Nothing wrong with that .lol. I'm hearing of more roots type trips going on. Personally think people should be encouraged to steadily leave England and America... espeically England, we have no claim to any land here. Can't stay where you're not welcome... especially when your tax money is being, 'mis-spent' to say the least.
Hotep
rl
#13
Posted 06 January 2007 - 10:40 PM
#14
Posted 06 January 2007 - 10:56 PM
Africans en masse have a habit of only attaching to themselves a label which is given to them by caucasians and is derogatory and it is always the progressive few who realise that they are and always will be Africans. First we were negroes and then the new negro was the coloured person, then the new coloured person was black and then African American (African British here, a title which ill inevitably lead to the acceptance of Britishness over Africaness, although Toyin would disagree). Africans will not see themselves en masse as Africans until People who know the truth find an effective means of passing on their knowledge to the majority without all at once giving them the red pill (I hope it wasn't the blue one I was supposed to write). If we show people too much too quickly they shy away, it is only a few who take hold of their new knowledge and never let go. The rest need time.
However as has been suggested by certain historians I do not believe we should let it change in it's own time, we must change the perceptions of ourselves as black and return to the label African (or the equivilent in an African language)

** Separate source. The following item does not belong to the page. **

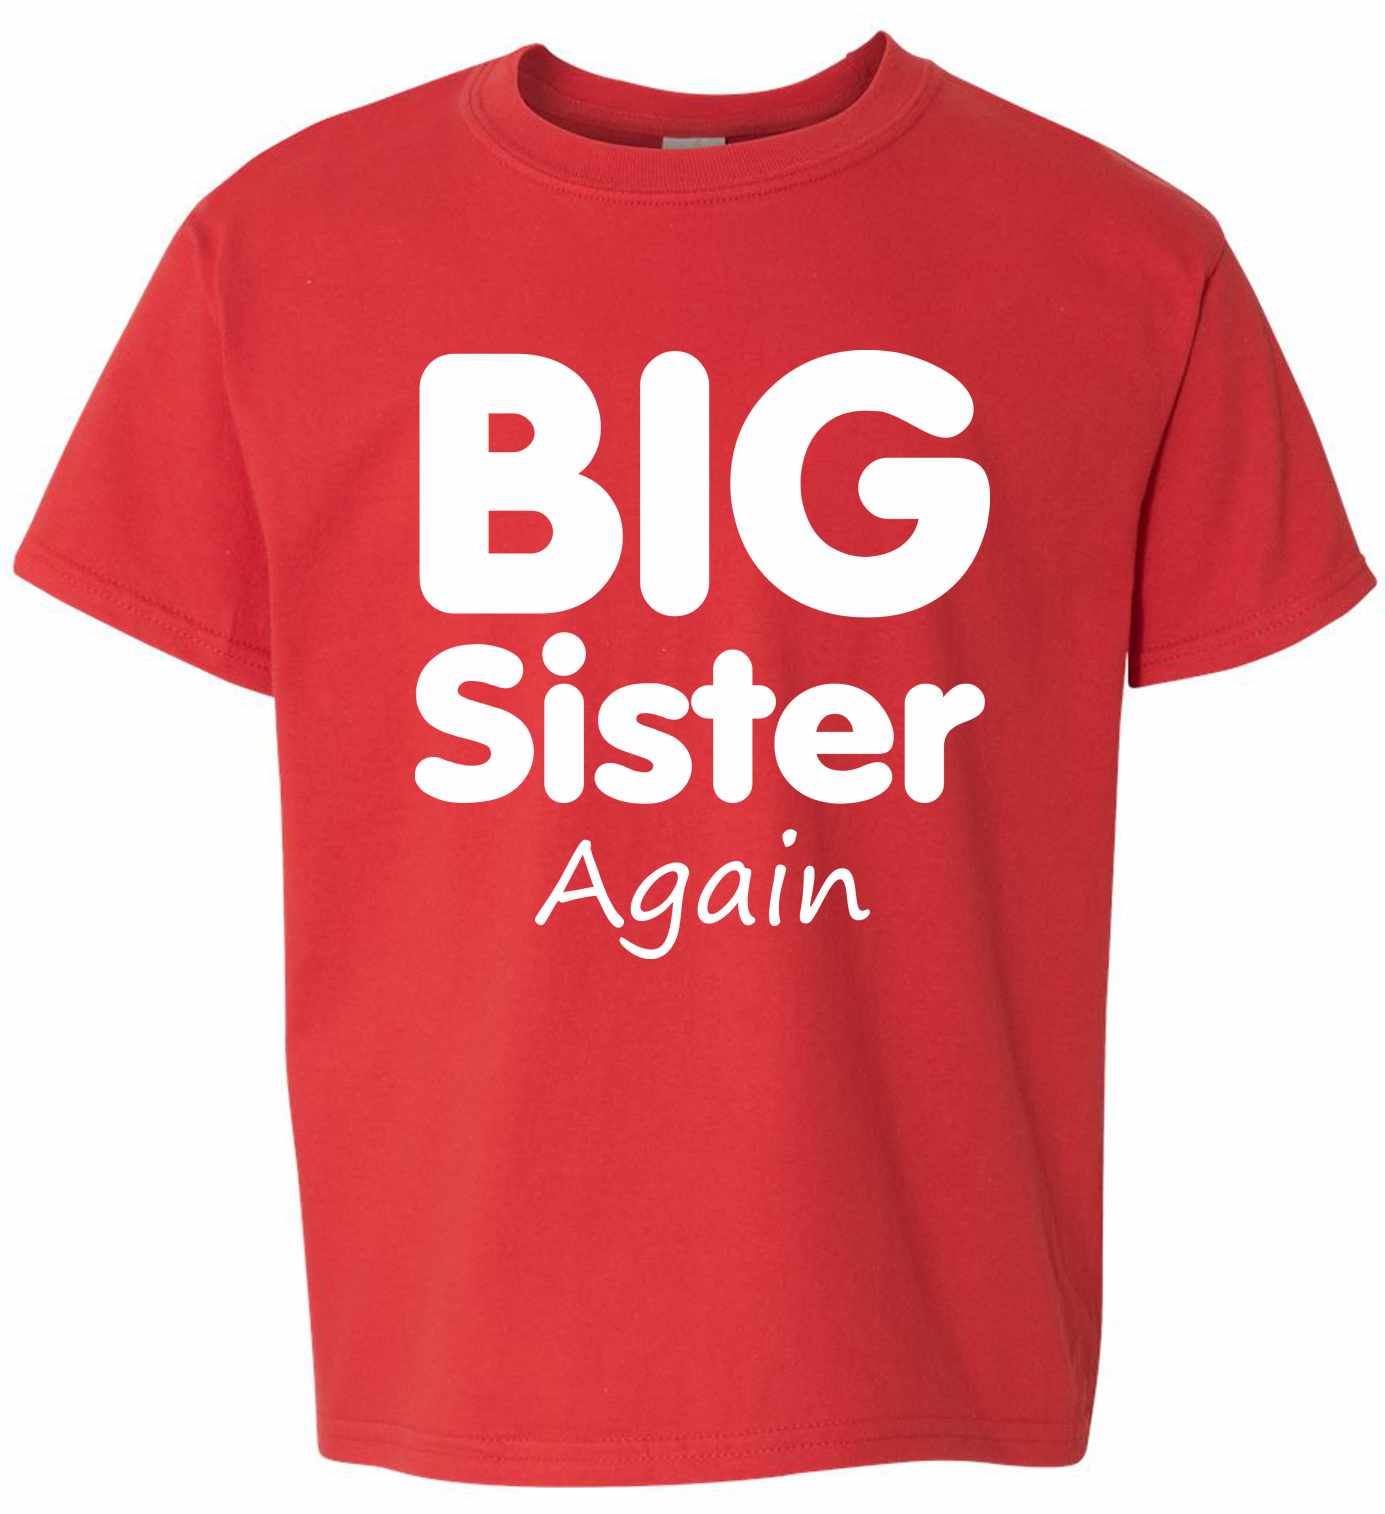 Big Sister Again Youth T-Shirt (#859-201)

As for the caribbean thing, don't worry, when you start pointing out a few things to our Caribbean brothers and sisters they stop talking that fart. Just talk about how the Maroons are responsible for that lovely jerk sauce that we put on all of our meat, how many words in our present day vocabulary come from Ghanaian tribes, how we still tell our children about anansi the spider (ghanaian folktales) and how basically all of the things that we hold so dear to us in the Caribbean are as a result of Africans not forgetting who they are (shame some of us haven't followed suit).